I Did Everything I Was “Supposed” To. I Still Can’t Afford The Childhood I Had.

6 Min Read
6 Min Read

Like many millennials, I grew up comfortably middle class. The first generation of wealthy people. My childhood was filled with music lessons, sports, and even trips to Disney World. But now, as a parent myself, I am considering the depressing reality. I mean I can’t come close to this for my own children.

i can’t I can afford it To give them the childhood I had.

I tend to replay the highlight reel of my childhood, and even though I know full well that comparing is a joy stealer, it’s shitty that I end up comparing anyway. It’s becoming increasingly difficult and murky to say no to things that we didn’t have to think about before, like extracurricular activities, family trips, and the idea that going to college was a given. I want to be a fun mom. I’m not the mom who scans registration forms for hidden fees or says “maybe next year” when a summer camp registration email arrives.

Objectively, I know I look better wearing a flower crown than going crazy with coupon clipping.

Aside from the fact that nostalgia isn’t what it used to be, millennial parents are also facing the unpleasant reality of being financially short-changed, even though they don’t worry about their kids’ screen time, magnesium intake, or target practice. We are held back by our own expectations and depressed by being the first generation to fall back in an expanding middle class. We are the Benjamin Buttons of the capitalist machine.

We can’t raise crotch goblins in the social media-free utopia we enjoyed, and we can’t afford to parent like our parents did. And I’m not just talking about drinking unlimited amounts of Sunny Delight or not knowing where we are for hours on end. Even school costume day brings into stark relief who is crushing it and who is being crushed by the cruel realities of late capitalism.

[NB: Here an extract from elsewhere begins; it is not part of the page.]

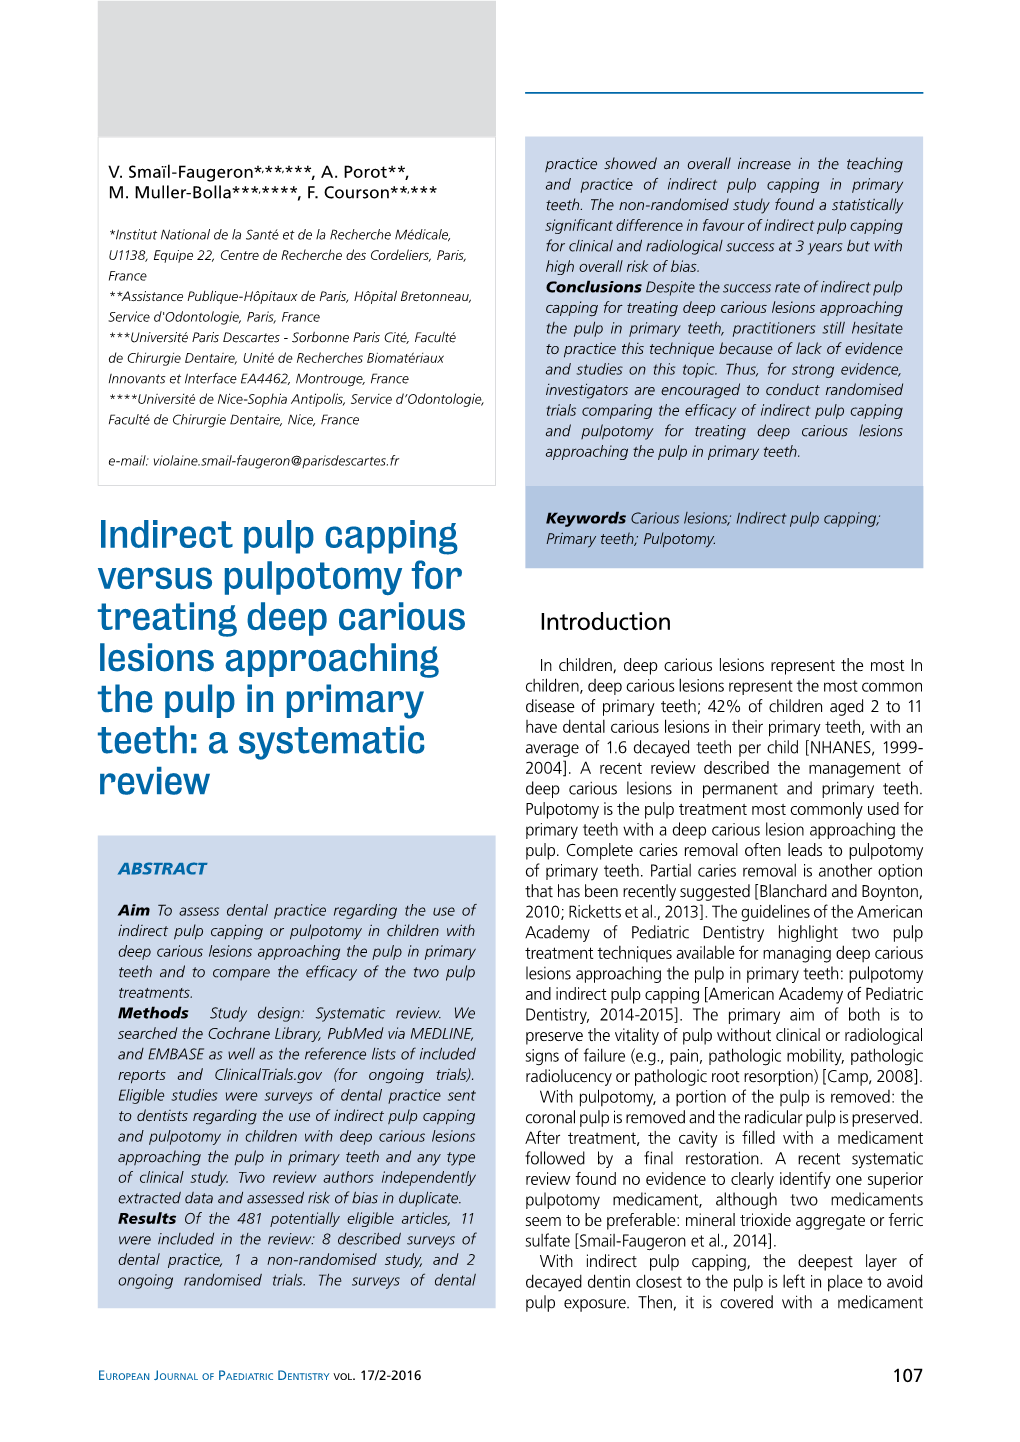 Indirect Pulp Capping Versus Pulpotomy for Treating Deep Carious

For this next part, you might want to use the little violin as your cue. Most of my kids’ stuff is second hand. I’d like to argue that this is because I’m financially savvy and deeply committed to sustainability, but it’s actually necessary. I don’t need a new one, but even if I did, I wouldn’t be able to afford it.

There are many statistics comparing what two full-time wages could buy in the 80s or 90s and today. Mathematics doesn’t lie (even if the memes fudge the numbers a bit). Life costs more now, but we want and expect more from it. I went to university three times. My children don’t even have passports. Not because I don’t want to expand their minds through travel and adventure, but because they cost $135 each. Before booking a flight or car rental, it is quite expensive.

For a brief moment, it was fashionable to be ashamed of our privilege (remember when Nepo babies liked to pretend they were just super talented and “lucky”?) We are now ashamed of what we don’t have.

There’s a great sketch by British comic Ahil Shah that satirizes the inability of young people to climb the same ladder as their parents. He says, “It’s not hard to see why so many young people feel as though older generations have pulled the ladder out from under them, set fire to the ladder, destroyed all ladder manuals, systematically underfunded all ladder elements, and retroactively denied the existence of ladders, claiming they were just ‘good jumpers’ back then.”

Despite the myth of walking barefoot uphill and back to school in the snow, many Boomer parents were able to give their Millennial children a comfortable middle-class education. This is something that parents of my generation can only dream about, aspire to, and feel like a bummer.

No, this isn’t because we’re lazy, financially ignorant, or because we’re hemorrhaging our paychecks on avocado toast. (I don’t even like avocado toast!) It’s not because we aren’t pursuing better side hustles. My own side hustle is more like paycheck panic than brave entrepreneurship.

It’s all bullshit.

Parents aren’t complaining about not being able to splurge for two weeks in Whistler for a family vacation or country club membership. They lament their inability to get mortgages. Or pay the rent. Or, even darker, to buy groceries.

I don’t really miss Disney trips that much, but the assumption behind them is, “If you work hard, your kids will get more than you.” That the ladder would still be there when our turn came. The line should always go up. I have learned painfully that this is not the case…and I hate that my children may feel it the most.

emma armstrong I am the author of “I” I thought vegans were dicks. “a A naturalist and verbose writer about the natural world, she once lived in the woods and taught people botany, how to make fire, and how to kill rabbits (we all have a past). Emma previously wrote: guardian, business insider, independent, metro.co.jp, Bushcraft and survival magazineetc.